Project #1 in my new job!

As some of you might know, I recently took the plunge and left my tenure-track job teaching literature at a university whose name we shall not disclose. I took a new position as Instructional Designer and Technologist, dedicated to a specific school, at another institution. I was pretty worried about how this new chapter in my life would read, but since I began, I’ve worked on a number of fascinating and fulfilling projects that have allowed me to use my background in narrative analysis and design, data visualization, and higher education in lots of new ways.

You can’t overestimate the importance of audience, people.

The first project I took on was to redesign course materials for students who now find themselves on probation. This is a required course the goal of which is to help get students back on track. Often, these students prefer the quickest path forward, at the expense of active engagement that leads to comprehension. Challenge accepted! How would I…

  1. Work within the existing LMS (BlackBoard, sigh) and overall logical framework to
  2. Ensure that students actively engage with the material
  3. While streamlining the material’s delivery to work with multiple groups or cohorts at different levels
  4. And with different groups of support staff running the program, who may have different approaches
  5. Or not be as familiar with working within an LMS as faculty might be–especially an LMS that poses particular challenges that also shall not be disclosed (IYKYK)
  6. While keeping in mind that this course might be slotted right into a future LMS which may not be Bb.

A tall order indeed! Turnover led to opportunities for innovation and redesign. What did I do?

First and foremost, I shifted the course from a series of text-based PowerPoints to videos designed in Camtasia and enhanced with captioning and active response questions in Kaltura. These videos were then placed into Bb with a pretty strict adaptive release that required students to complete the first video quiz before moving on to the next, and all before reaching the overall knowledge check, which was required before students could meet with their advisors.

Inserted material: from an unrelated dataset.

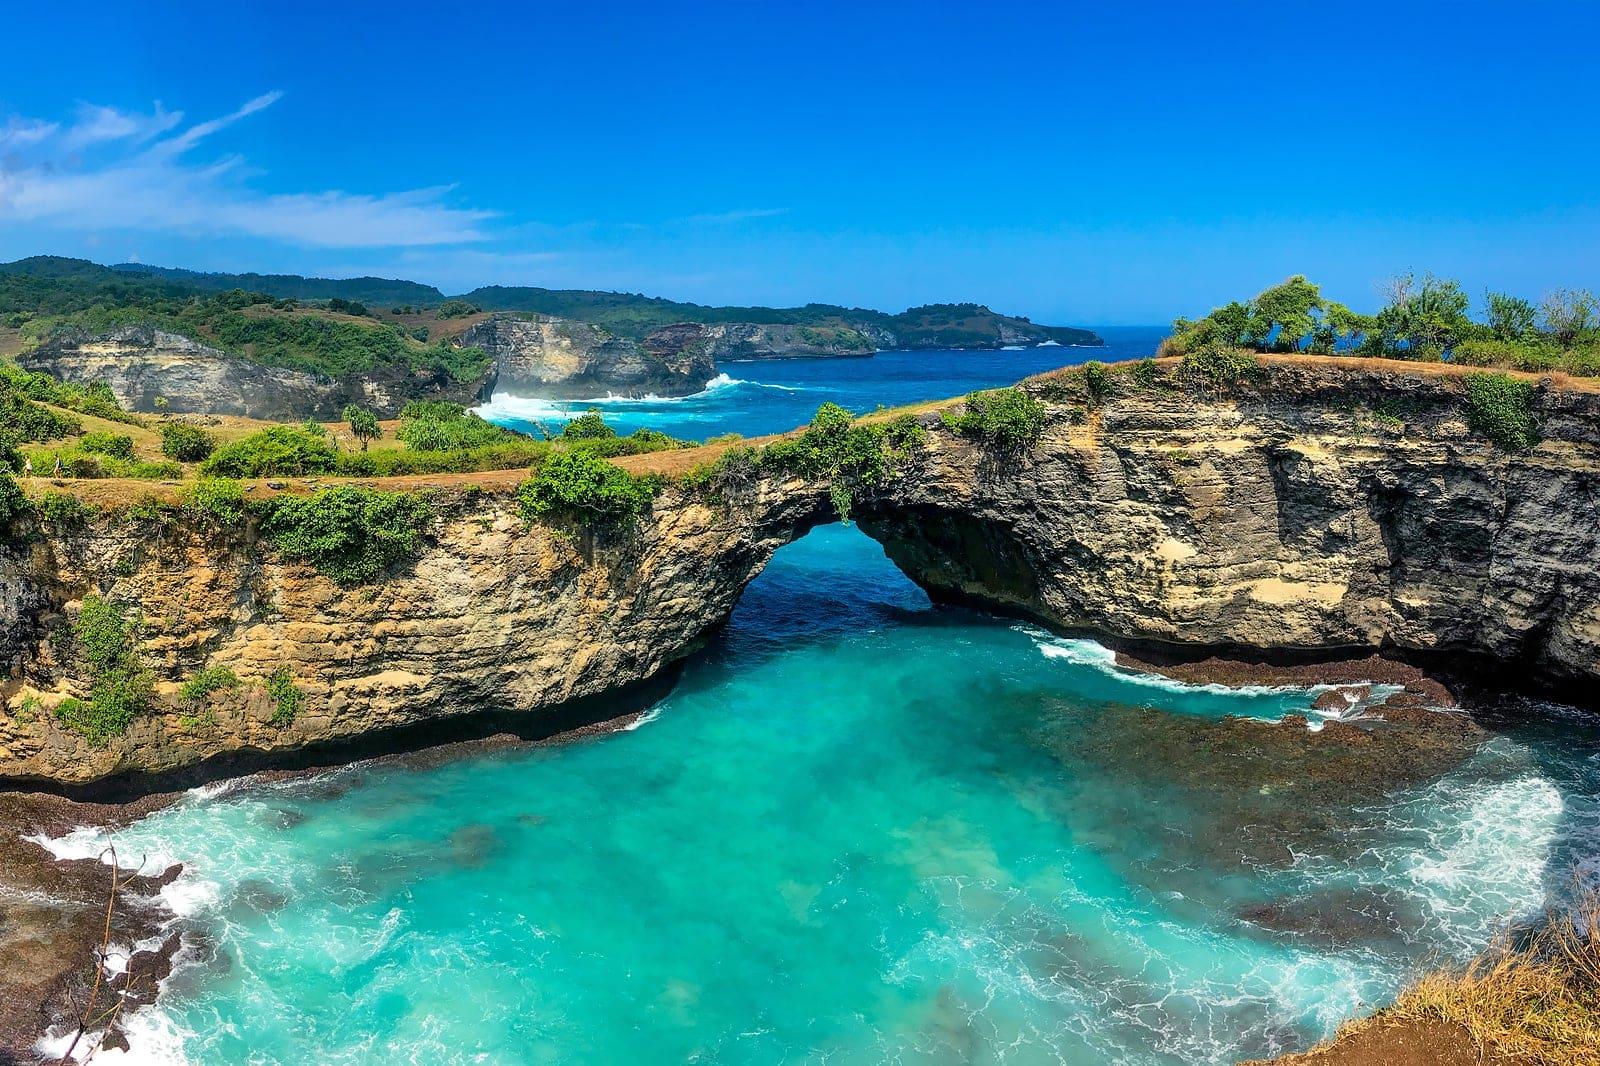 Bahía de Broken, Bali
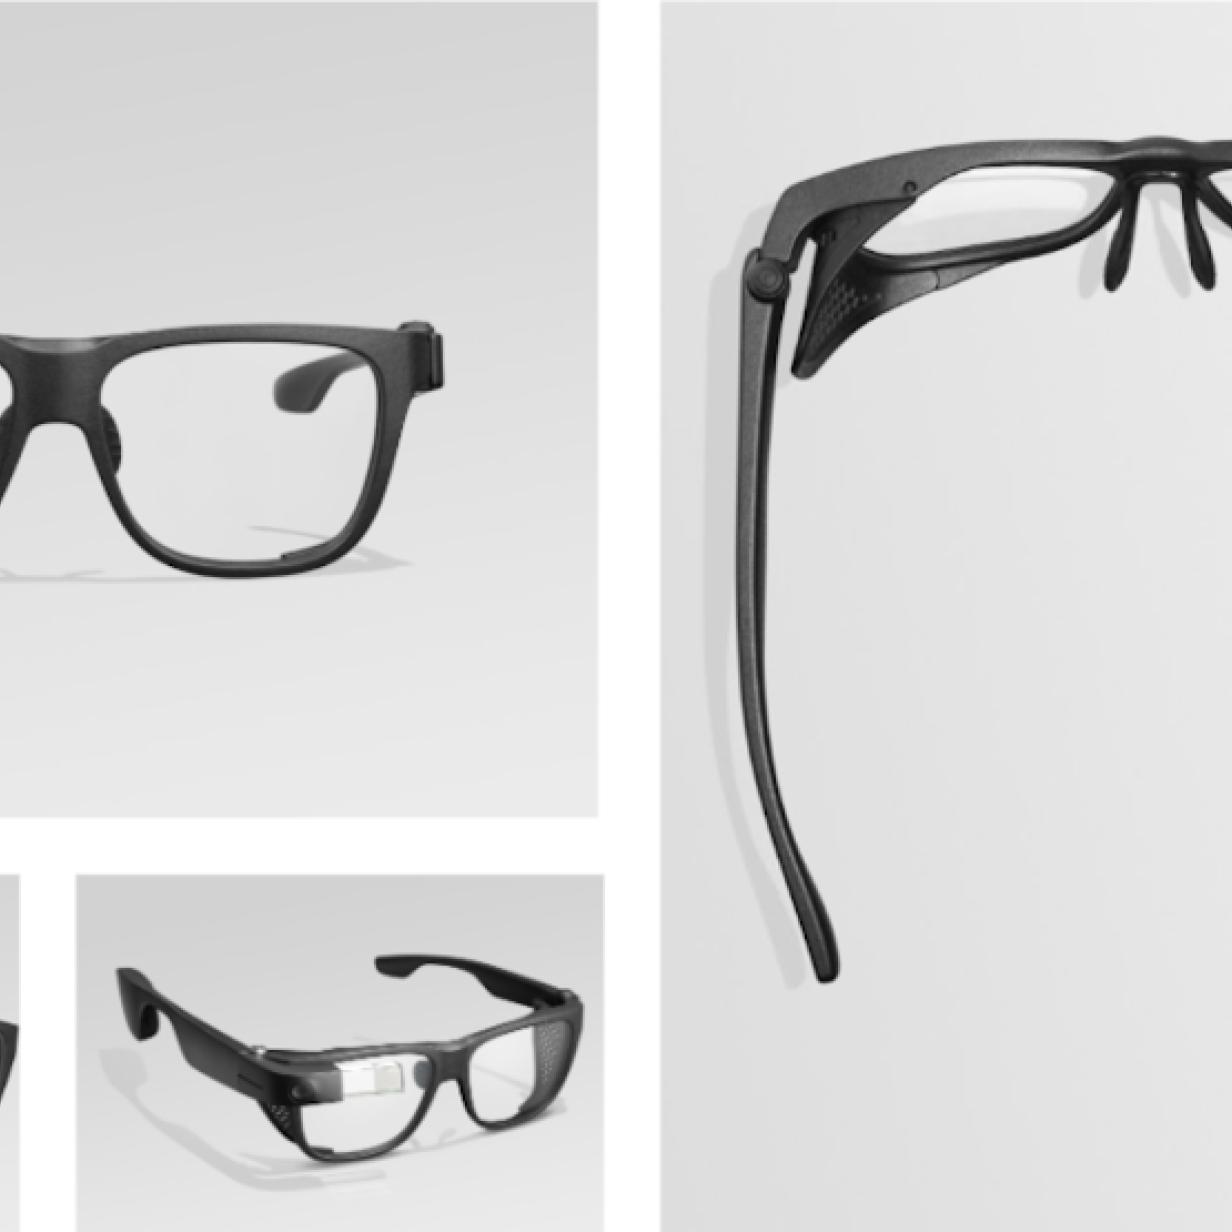 Google präsentiert neue Version der Datenbrille Glass

The first big challenge I faced was the voiceover. As a longtime educator, and an educator in the humanities, I value the individuality and the personalization that can only be reached with a real live human voice. However, I quickly learned that the amount of time I’d need to effectively VO quite a substantial number of videos–not to mention the kind of hardware and editing software–made this a bit of a pipe dream. I turned to AI-enhanced text-to-voice services, and after testing several of them, I went with ElevenLabs. (BTW, ElevenLabs is super-cool and highly recommended for those who are interested in such things! You can even generate an AI version of your own voice.)

Turning to AI-enhanced text-to-voice tools also meant I needed to revise the PowerPoint text for purpose. This meant putting the bullet points into sentences, and adapting the text so it could be read in as realistic a way possible by a machine. What does that look like? Well, ENGH 302 will not be pronounced “English three-oh-two” by a text-to-voice tool, even one as great as ElevenLabs. Also, contractions and elisions that we would use when speaking need to be hard-written-in if we want them to sound lifelike. I learned a lot of tricks here–if you have ideas, please share them in the comments!

I used open-access and Creative Commons-licensed videos from Pexels.com, and the branding materials from university marketing to create a cohesive look and feel. Some of the video content I used, I generated myself from screen captures of the different websites and resources that were mentioned in the VO. I quickly learned that visual detail past a certain threshold was not really a viable way forward–I had to balance my ideal design goals with the practicalities demanded by the project. This meant choosing the text that would appear over the videos wisely, first and foremost. I also had to cast aside things I wanted to do in Camtasia that would have required SCORM output that was just impossible, given the constraints of the LMS and the users of the course (both students and administration staff).

I experimented with burning in the captions as subtitles, but ultimately decided against it because that would have posed a big problem for accessibility. Once the first set of videos was done, I was able to move on to getting the material into Bb–which really ought to be the subject of a whole other post, but for the sake of my own sanity, I’m going to skip that! Bb optimization proved an arduous process, involving a lot of testing, retesting, student previewing, deleting, re-doing, testing, Googling, generating comma-separated lists of users who then needed to be put into groups, testing, and testing again. And again.

Throughout the process, I was in close contact with the staff members who owned the course–they had specific needs that helped me plot my path forward in this way, as opposed to some other way. You can’t overestimate the importance of thinking about audience, people!

Altogether, the first course (of 3 total) took me about a month to create to my satisfaction and that of the course admins. Not too bad!